The convenience store industry was also pelted by a huge hike in the tobacco tax, approved by the voters in November, that took effect in January of this year. It caused a pack of cigarettes to cost at least $7 a pack, with progressive increases over the next decade. It also imposes a new tax on vaping products.

In addition, various cities have enacted their own tobacco ordinances.

Loveland is floating the idea of banning the sale of flavored tobacco and Aspen is requiring sellers of tobacco products to obtain a license. The city also imposed an age limit of 21 for employees selling those products.

In a current webinar, Grier Bailey, executive director of the Colorado/Wyoming Petroleum Marketers Association, urged convenience store operators to be proactive in protecting their profitable tobacco and nicotine sales rather than react to issues that arise.

"I can tell you definitively that government relations and operators engaging in political advocacy can have as much or a greater impact than almost anything else that you do for your bottom lines," he said.

Retailers must acknowledge existing problems, such as teenage vaping, and put forth their own ideas on how to fix them, he said. "This buys you credit with the people who see you as somebody who's willing to help solve problems." It also gives the industry the chance to direct the conversation and to propose legislation that won't harm them, he said.

Bailey warned that compliance is key in gaining support. When enforcement people see that the industry is compliant they will be the best advocates for it. "If they say, 'Hey, this is a very compliant industry,'" he said that is more effective than any number of retailers doing their own bragging.

Begin the conversation, he urged, by recognizing legitimate policy problems and how the industry is trying to solve them.

DENVER — The driver shortage is impacting gasoline retailers.

Numerous convenience stores and gasoline stations in the state found themselves without gasoline recently. There was a plentiful supply of fuel but not enough drivers to haul it to them.
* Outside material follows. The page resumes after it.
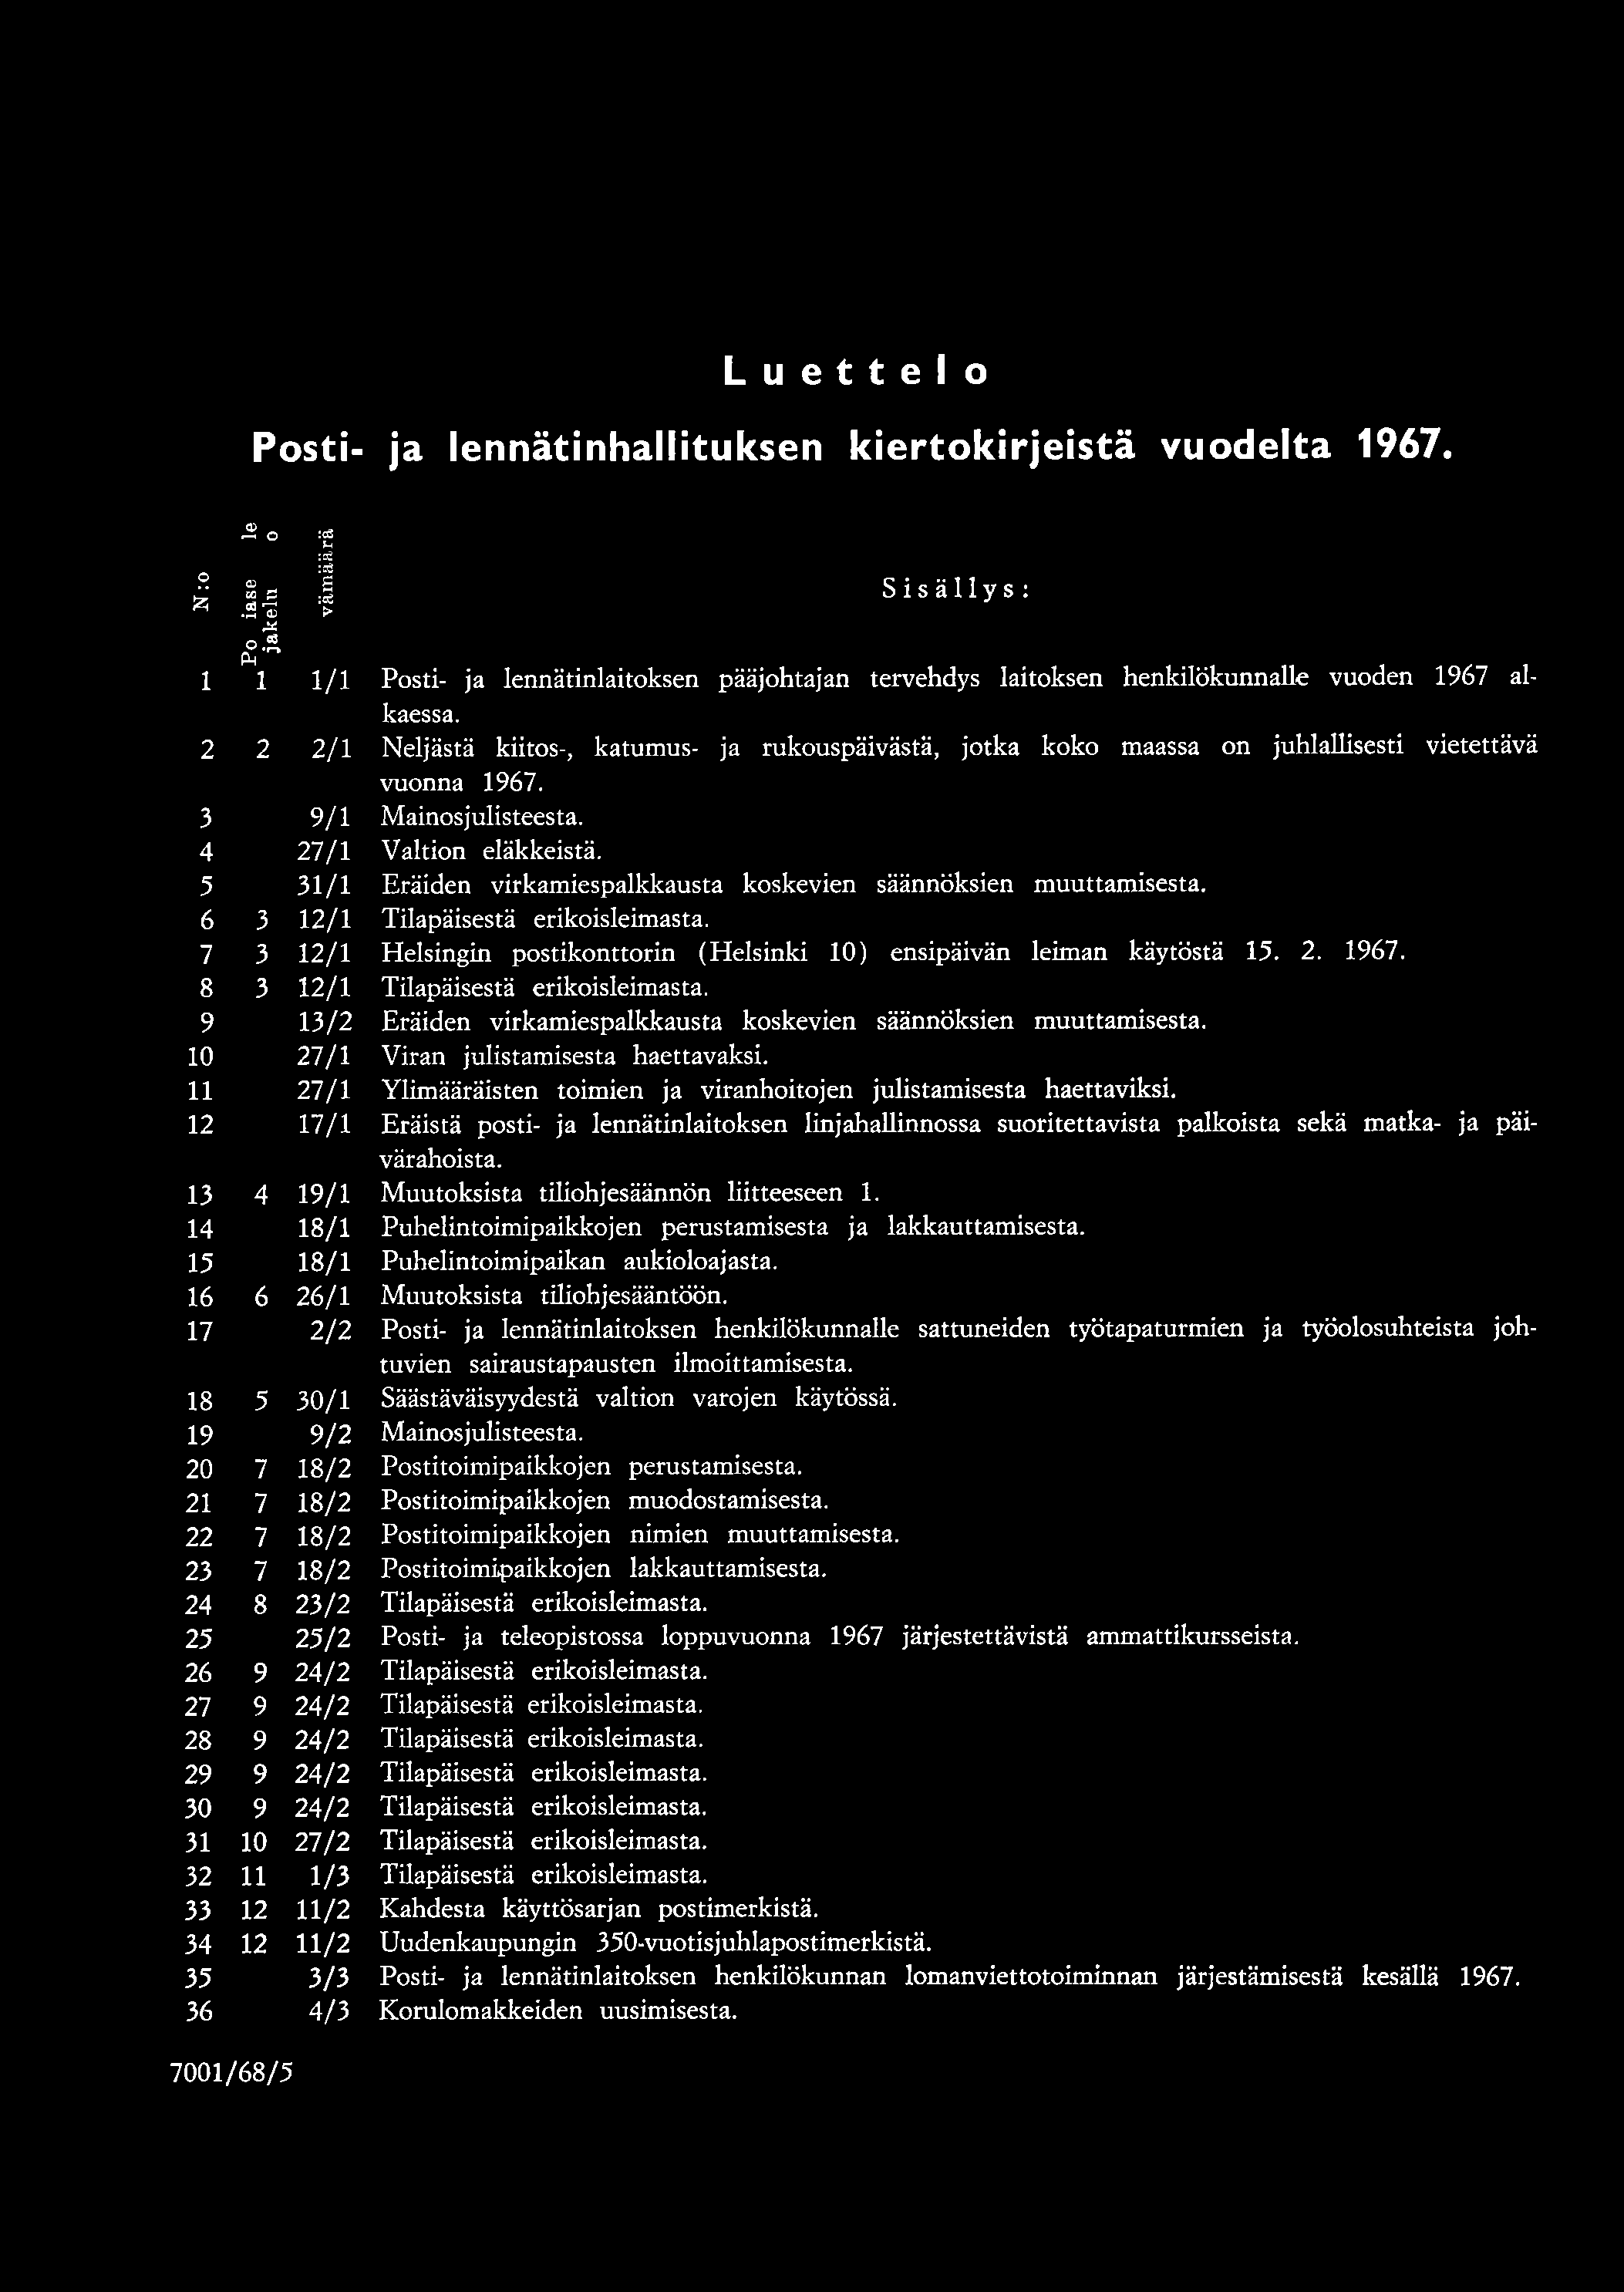 Luettelo Posti- ja lennätinhallituksen kiertokirjeistä vuodelta 1967.

Many drivers who lost their jobs last year as the pandemic took hold went to work for Amazon or other shippers experiencing a high demand for products.

Panicked motorists made it worse by gassing up before they needed to. That caused a greater shortage.

Along with the run on gasoline for everyday use there also was a jump in demand led by consumers eager to go on vacation. Even a spike in prices did not diminish the demand. Motorists were willing to pay almost any price — and, in Colorado, those were some of the highest prices in the nation.

Skylar McKinley, AAA Colorado spokesman, said the situation should improve this fall as retailers offer better wages to entice workers back and demand slacks off.

DENVER — Alta Convenience has purchased the five Get 'N' Go stores of Red Horse Oil of Rock Springs, Wyoming, which has been in business for sixty years.

Red Horse was acquired ten years ago by Jay Schneiders, who is serving as owner and CEO.

Alta President Rich Spresser said the stores will be integrated into the Denver-based Alta.

CF Altitude LLC, dba Alta Convenience, has 106 convenience stores in four states — Colorado, Kansas, Nebraska, and New Mexico.

Their fuel is marketed under the Phillips 66, Exxon and Conoco brands.

COLORADO SPRINGS — A couple of courageous convenience store clerks saved a woman being robbed at gunpoint.

The woman was walking home from the grocery store when a man approached. He forced her to walk across the street to a convenience store where he ordered her to take out cash from the ATM. She managed to get the attention of the employees and they tackled the man as the woman ran to safety in the back of the store. No one was injured.